Abertas as urnas, a ministra Cármen Lúcia, do STF, que foi escolhida presidente do TSE em 2024, lamentou não ter havido mais mulheres eleitas nas cidades brasileiras. Ao mesmo tempo, um levantamento publicado na imprensa burguesa revelou que quatro em cada cinco das que se elegeram, ou 80%, são de direita. Quem pensou que a introdução das “cotas de gênero”, que obrigam os partidos a apresentar, no mínimo, 30% de candidaturas femininas, fosse uma política progressista, a esta altura, deve estar decepcionado.
O caminho natural para se tornar uma candidata é militar em um partido político, participar das atividades partidárias no dia a dia. Rigorosamente, não seria necessário que um tribunal fizesse exigência de número de mulheres no pleito, submetendo partidos a algum tipo de punição em caso de descumprimento da regra, como ocorre hoje.
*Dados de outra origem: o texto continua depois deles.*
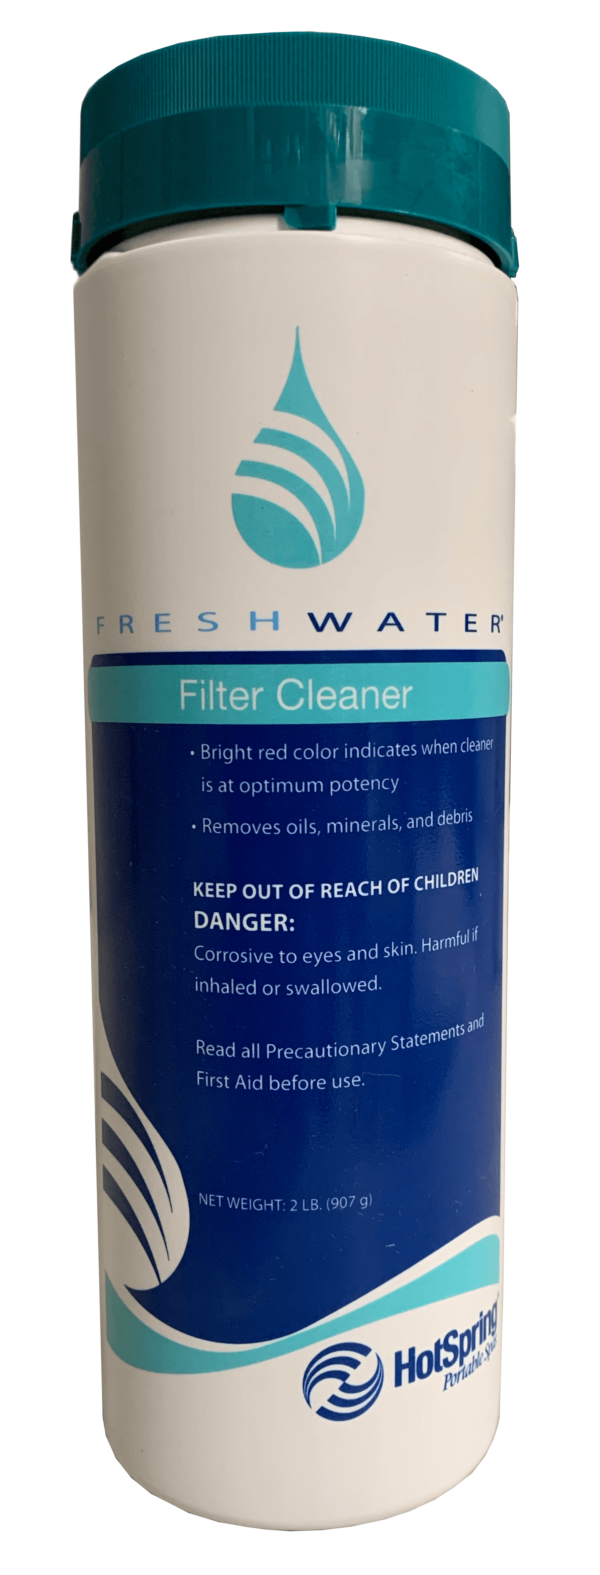 Freshwater Filter Cleaner 2lbs
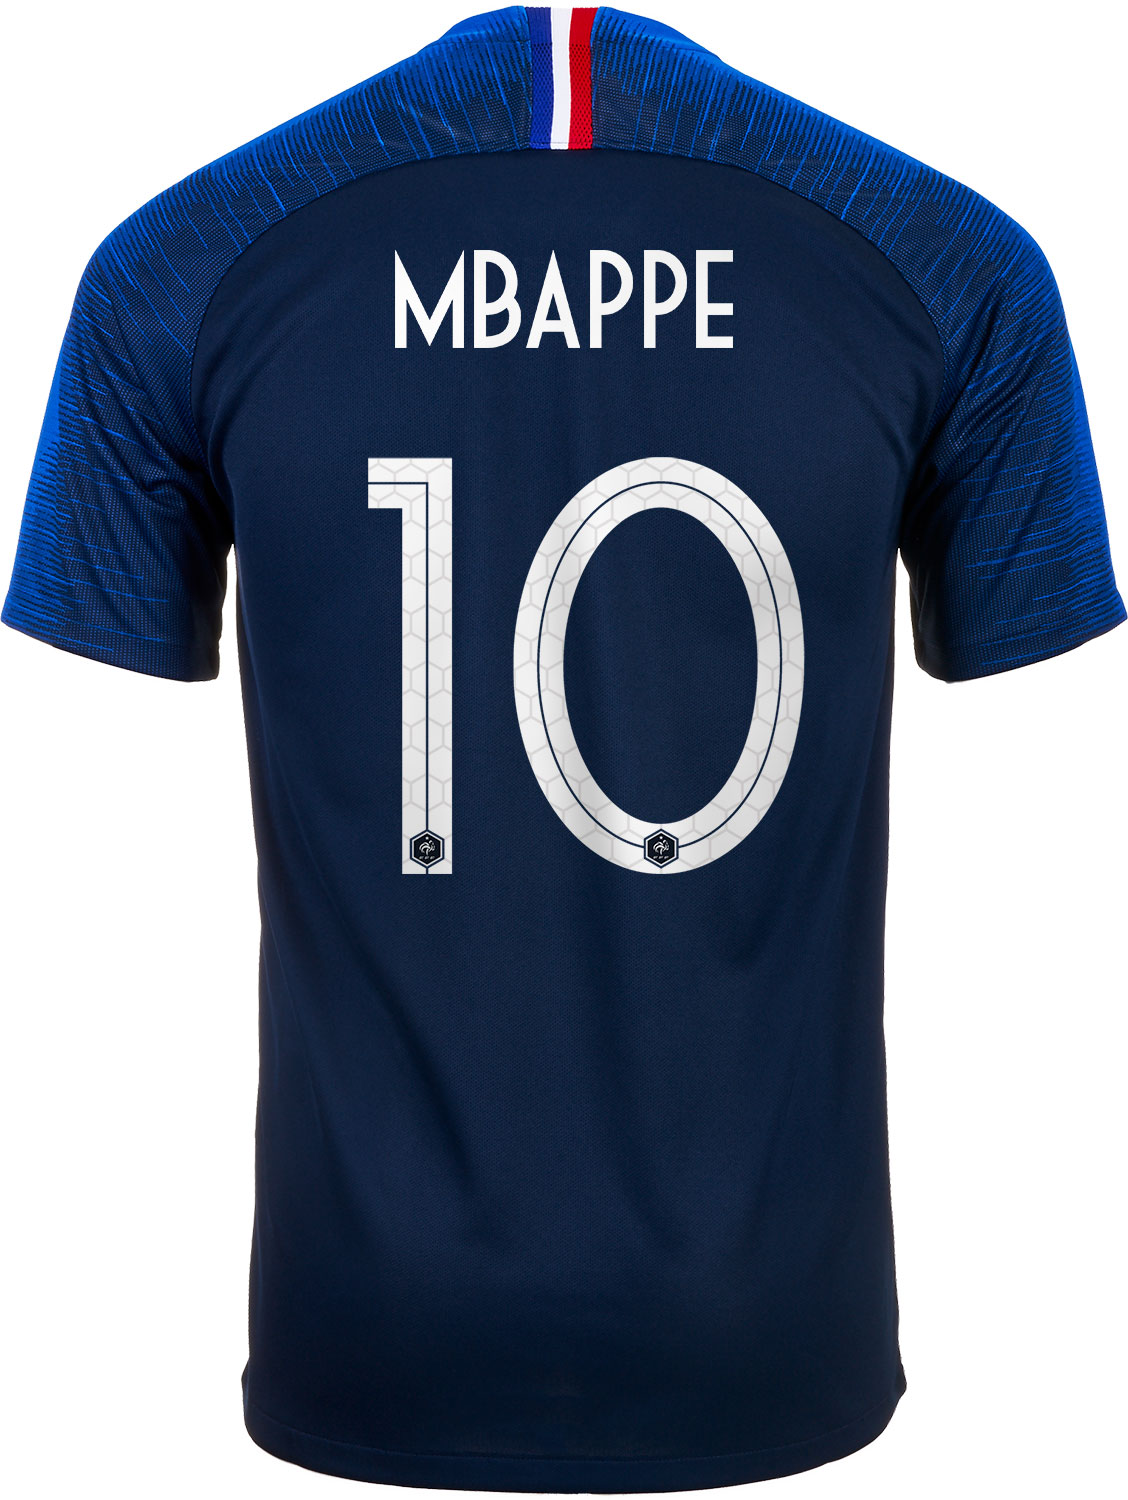 mbappe official jersey

Esse tipo de norma, a despeito de ser uma ingerência nos partidos, provoca distorções.
O alegado motivo da resolução seria fazer a mulher avançar na conquista de espaços, o que, dito dessa maneira, parece uma medida progressista. O problema é que “ser mulher” não é o mesmo que “ser progressista”, daí o paradoxo. A coisa se repete com gays e transexuais, porque orientação sexual não faz da pessoa “progressista”. Aliás, os candidatos LGBTQIAPN+, em geral, são adeptos do identitarismo, que é um braço da política neoliberal.
Não há como negar que o resultado da eleição mostrou o avanço da direita no país; na esquerda pequeno-burguesa, as análises oscilam entre a recusa a enxergar isso e a queixa de que o povo é reacionário, conservador, fascista… Talvez a ausência de uma esquerda realmente de esquerda, que não seja tributária de modismos norte-americanos do tipo “cultura woke”, esteja pavimentando o caminho da direita.
A principal contribuição do identitarismo, uma política da direita “civilizada” que capturou a esquerda pequeno-burguesa, é justamente o fortalecimento da extrema direita. De certa forma, o fenômeno Pablo Marçal reflete isso. Ao dizer que todos os outros candidatos eram “comunistas”, de algum modo, ele estava denunciando a homogeneidade entre eles, todos identitários e defensores das instituições democráticas etc. etc. etc. Tirante o uso do termo “comunista”, a percepção dele não é descabida.
A principal característica da política identitária não é a defesa das minorias, como se propagandeia, mas, sim, o elogio da punição. Tudo vira lei, tudo gera punição ou, no mínimo, “cancelamento” destruição de reputação, perda de emprego ou de contratos etc. A sociedade passa a viver numa espécie de colégio interno, e todos podem ser os algozes de todos. Basta se sentir ofendido com alguma coisa.
É sintomática a declaração de um jurista conhecido na esquerda, frequentador do Portal 247, de que, como a Justiça (o Judiciário) tem limites, é preciso mobilizar a sociedade para cobrar das empresas de internet que proíbam pessoas de falar. A conversa girava em torno de Pablo Marçal pouco antes da eleição. As leis têm de ser feitas e votadas pelos parlamentares eleitos, mas as “leis” da internet podem ser feitas pelas empresas. E o jurista convoca a população a se engajar nesse projeto.
Não, não é de estranhar. Afinal, se um ministro do STF, incensado pela esquerda, moveu ação contra um apresentador de podcast que o chamou de “gordola”, e uma juíza lhe deu ganho de causa, condenando o rapaz à prisão e ao pagamento de multa de R$ 50 mil, é sinal de que a “esquerda” já está muito próxima da direita. A juíza, em sua sentença, lembrou que o rapaz chamou o ministro de “seu merda” ou “seu bosta” e que a associação com excremento era escatológica, portanto manchava a honra do referido membro da corte suprema. Caso ela não saiba, essas expressões são populares, ouvidas todos os dias, inclusive nas novelas da Rede Globo, que, a bem da verdade, é escatológica, mas não por esse motivo.
Enfim, é hora de a esquerda repensar essa adesão ao identitarismo importado dos EUA, que tem jogado o povo nos braços da direita. O povo não é beneficiado pelo “sistema”, ou seja, pelo estado burguês. Se a esquerda se contentar em defender as “instituições democráticas”, vai acabar dividindo o fundo do poço com o PSDB.